Larded sweetbreads (roasted)
Blanch the sweetbreads. With a sharp skewer make holes in them and run through these openings narrow strips of salt pork. Let the bits of pork project half an inch on each side. Lay the sweetbreads in a covered roaster, pour about them a pint of cleared and seasoned soup stock, cover closely and cook for an hour, then transfer to a hot dish. Thicken the gravy in the pan, season and pour it about the sweetbreads.

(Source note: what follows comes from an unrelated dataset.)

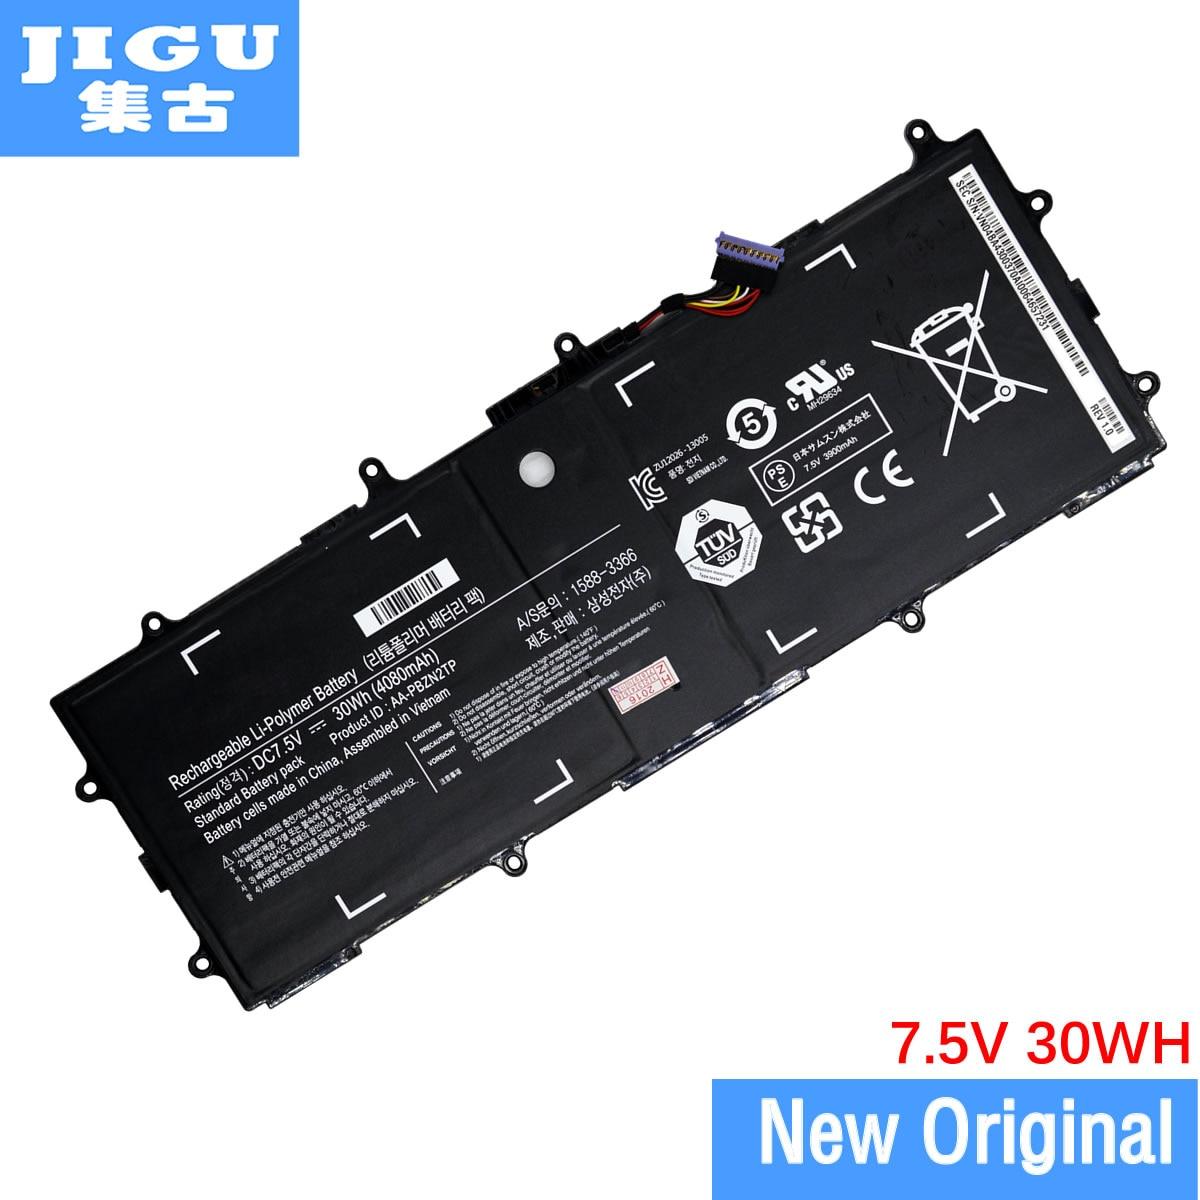 JIGU AA-PB2N2TP AA-PBZN2TP բնօրինակ դյուրակիր մարտկոց SAMSUNG 905S3G 910S3G 915S3G XE303C12 համար Chromebook 2 3 30WH

Larded sweetbreads (fried)
Prepare as in the last recipe, but instead of roasting dip in egg, then in crumbs; set on ice for an hour and fry in boiling butter.
Sweetbread pâtés
Make shells of rich puff paste, bake them, and fill, while hot, with a mixture made according to the following recipe:
Cut a pair of blanched sweetbreads into small dice. Cut ten canned mushrooms into quarters and mix them with the sweetbreads. Add eight blanched and chopped almonds and six olives cut into tiny pieces. Heat a cup of cream and thicken it with a teaspoonful of cornstarch rubbed into one of butter. When smooth and thick add the sweetbreads, olives, etc. If too thick now, thin the mixture with a little mushroom liquor. As soon as all the ingredients are heated through remove from the fire and turn into the shells.